Keep up the good work, guys!
Hello, I am also using outlook and ms teams but do not need mobile microsoft autenticator. I do not use shelter so far.
What is the benefit of using shelter in this case ? Do MS apps really look to the shared directory for other app data and send it to microsoft ?
Thanks !
Neither Outlook nor Teams function correctly unless I allow trackers. They have a tracker called “Mobile engagement” (or something like that). I haven’t looked into what info that tracker collects and sends to Microsoft, but there is obviously personal data that gets sent to Microsoft.
Having only MS apps in a shelter environment, ensures none of these apps sees what other apps I have installed or any details about my real mobile phone (environment, phone model, settings, etc.). Plus I can have “work contacts” in the shelter environments, so Outlook and teams don’t get to see my personal contacts.

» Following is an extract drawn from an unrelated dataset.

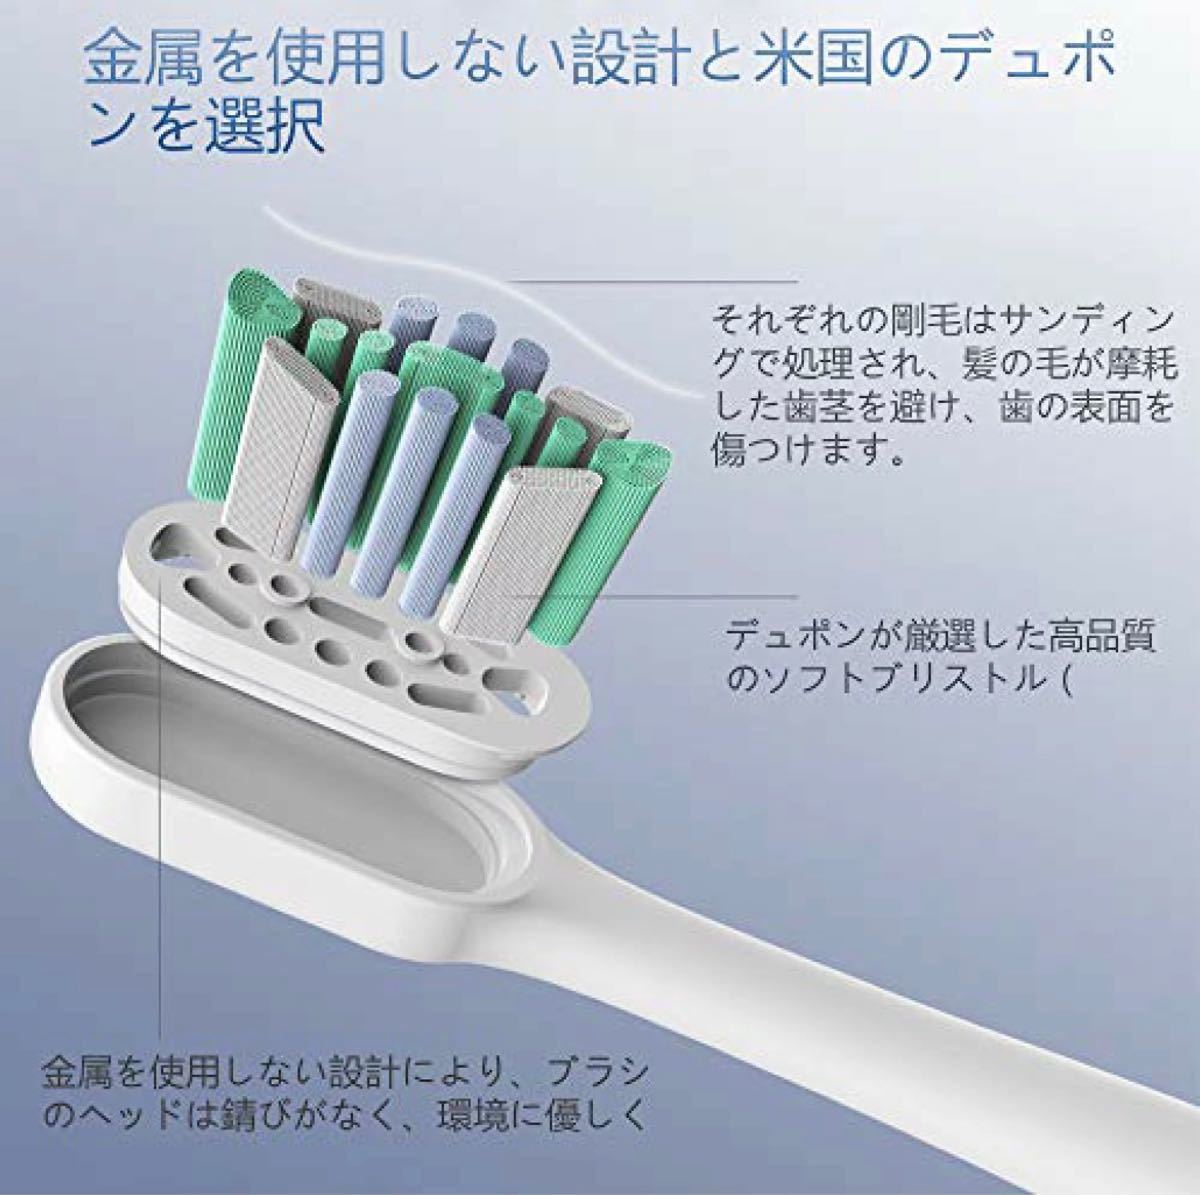 新品 電動歯ブラシ IPX7防水 超音波歯ブラシ USB 充電式 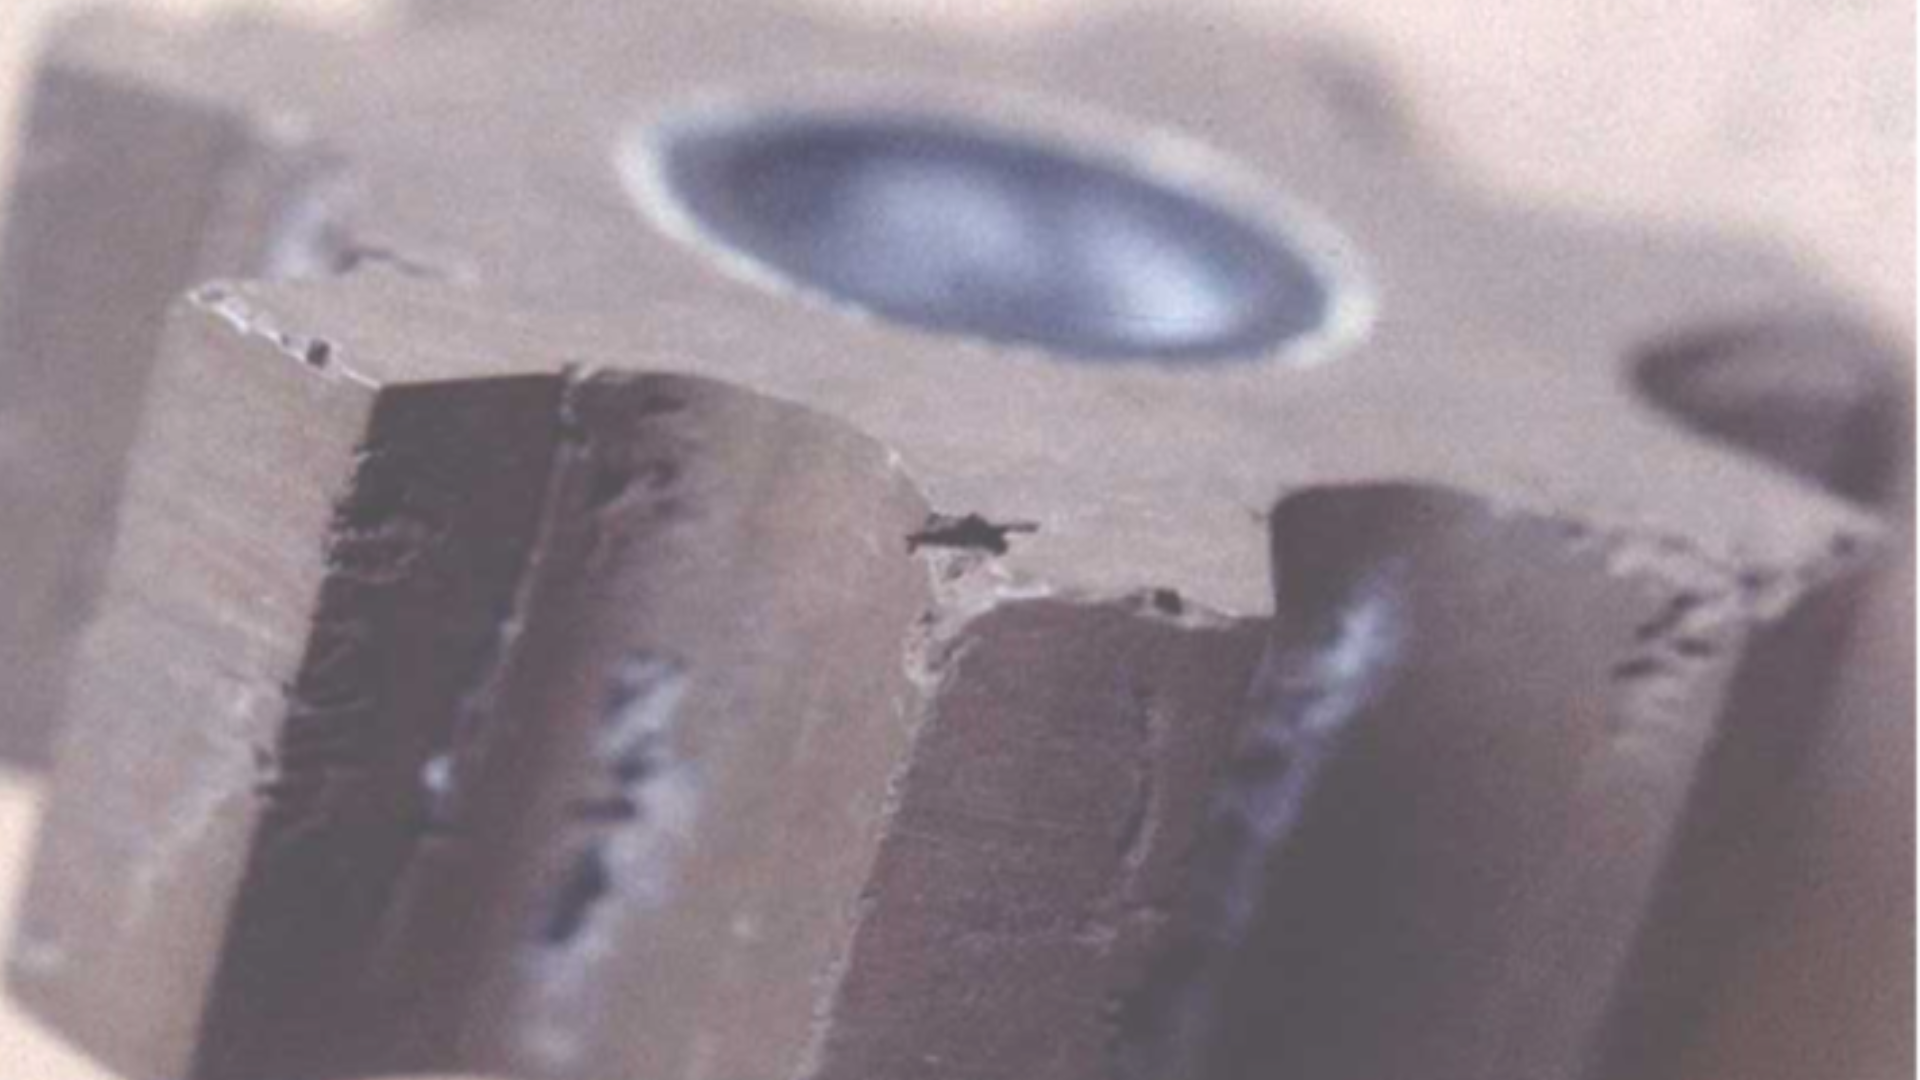 Damaged Rotor close up

Additionally, as long as I have fake IP and fake location enabled as well, I am fairly certain I prevent (allmost) all personal info from being collected by Microsoft.
I also have WhatsApp in the shelter as well. Although it is a personal app, it is so intrusive, I don’t want it with my other apps, but I cannot get rid of it (I have contacts who only use WhatsApp for messaging). I just don’t allow it any access to contacts and use another app called “Open in WhatsApp” if I need to initiate a chat with a new person. Idealy I would want WhatsApp in its own shelter container, but Android can only do one shelter per phone.
This issue has been closed in Github and the Advanced Privacy in the main profile shows the apps in shelter as well, but any settings I do to any app in the shelter, doesn’t seem to have any effect.
I’ve just upgraded to 1.11 hoping this update would fix the issue, but still the same.
The only way to get shelter MS apps to work, is to disable the whole Advanced Privacy (in the main profile) - which is obviously not desirable.
@centaurus and the settings you apply to any App in the subprofile - you do this through the main-profile as the authors intended? then it’d be a bug and worth a comment on the issue tracker
Yes, I applied the settings in the Advanced Privacy for the main profile (not the shelter one).
Unfortunately the bug in github has been closed, so no further comments can be added to it.
commenting on closed issues should be possible last I resorted to it
I have put a comment - let’s see if it gets any response.